The lag would be a bit of a drawback, because if the Speech Server guessed incorrectly what you said, but you kept talking (due to the processing lag), then you would have to go back and correct what you had said.
And also sometimes the Live Maps speech recognition is WAY off. Like I'll say "1 Jefferson Parkway" and it will come back with something like "Did you say 'Parkstone Apartments?'"
It's also speaker-independent, so you don't do any training. I would rather train an app to recognize my voice specifically, because I would be the only user of it.
But it may be my only solution for right now. Thanks for the info! I was beginning to think that no one knew the answer.
Click to expand...
Click to collapse
perhaps, but there IS a speech application loaded ON a Windows Mobile 6.1 which has text-to-speech capabilities and speech recognition
(my Blackjack II loaded with Wm6.1 has this capability)
can't find any API to use it though... only way to activate this TTS capability is to
1) sms announcing
2) appointment announcing
3) call announcing
no actual program to do TTS...
Any progress on this or any other speech-to-text program? I'm really interested in finding one.
Wouldn't mind being a beta tester, either.
*Double Post*
DELETE
Let's say I have two or more voices installed for the same language - country combination, like "en-US". One could be female, the other male voice for example. How could I switch these programmatically? There seems to be no way...
I can easily switch any time between "en-UK" and "en-US" voices by using something like:
myTTS.setLanguage(locale);
but for switching voices within the same locale, nothing. Looks to me like a flaw in Android TextToSpeech class design... Or is there some way of which I'm not aware? FYI, the high quality IVONA voices (still in free beta in Google Play Store) have "Select preferred voice" setting for each language locale. The other TTS engines I have installed (Pico, Google and SVOX Classic) do not offer this option yet, so maybe the only way to do this would be to access the private settings of IVONA engine?
Greg
Does anyone know if google has opened source code for offline voice recognition ? And if yes, where can I find them ?
As I understood srec from nuance is not that - it is old online recognition system, right ?
Hi, I am a Dyslexic android user, and I work in disability services for a small university. I am wondering if there is a practical TTS solution which would be simpler than the common "copy/paste" apps.
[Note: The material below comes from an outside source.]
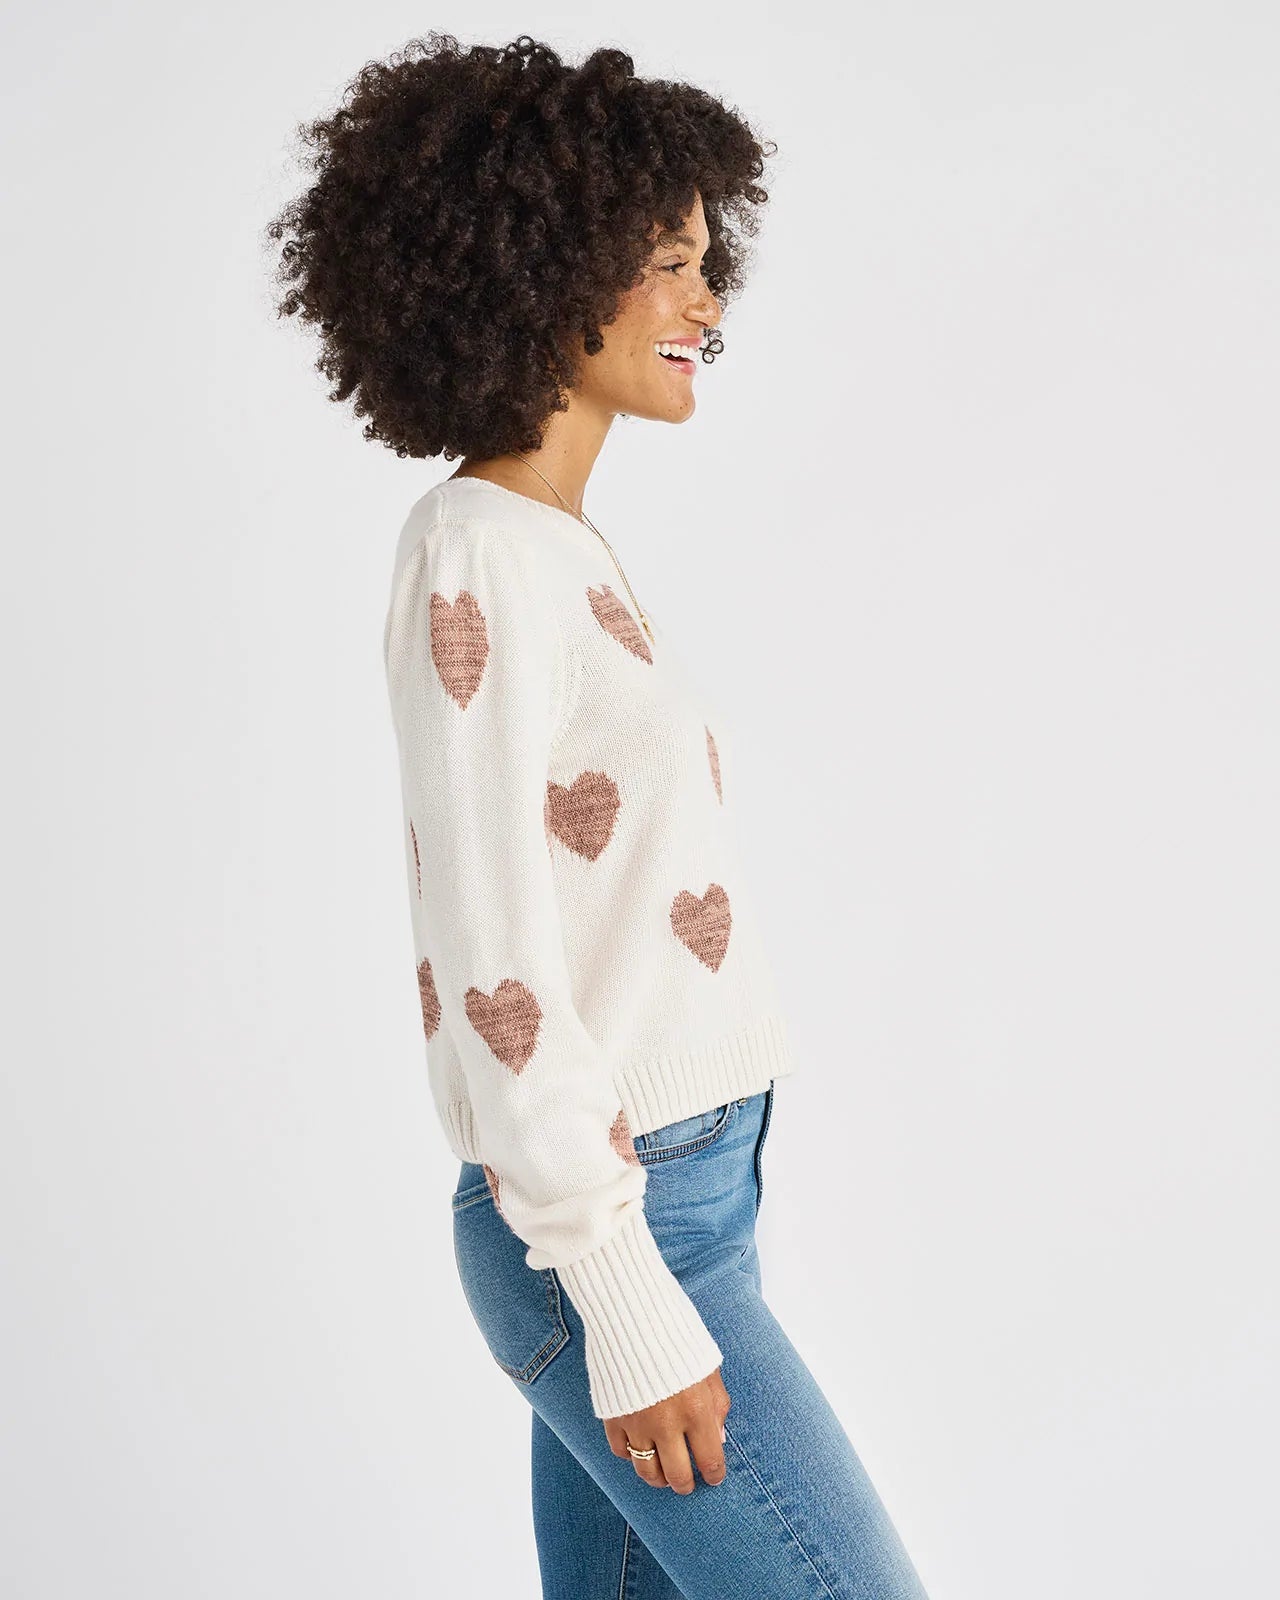 Splendid Annabelle Heart Sweater

iOS has VoiceOver, which (for Dyslexics) puts Android TTS support to shame.
My dream is to be able to point to a chunk of text and have it read aloud without switching apps. Is there any workaround or plugin I could use to make this possible?
I have a Verizon HTC Droid DNA. I would be willing to root this if there is a possibility of this working.
I have tasker run functions, and it sometimes talks to me, now coming from a 2.3 device to a 4.3 I see the voice is different, and it's not terribly nice, are there any alternative voices to try? I know in the past other makers (Samsung) have had different voices)
I'll answer my own question in case anyone else finds this useful.
If you're unhappy with text to speech on your android device, there's several options to try both paid & unpaid.
For me (after extensive research & testing) I found this solution works best.
Svox Classic Text To Speech Engine
https://play.google.com/store/apps/details?id=com.svox.classic
and the voice I used for maximum clarity & easy on the ears was this:
SVOX US English Grace Voice
https://play.google.com/store/apps/details?id=com.svox.classic.langpack.eng_usa_fem
Naturally your mileage will vary, but this one worked for me. It doesn't seem to work in google now speech, but in maps (navigation), tasker & FBReadet TTs it does.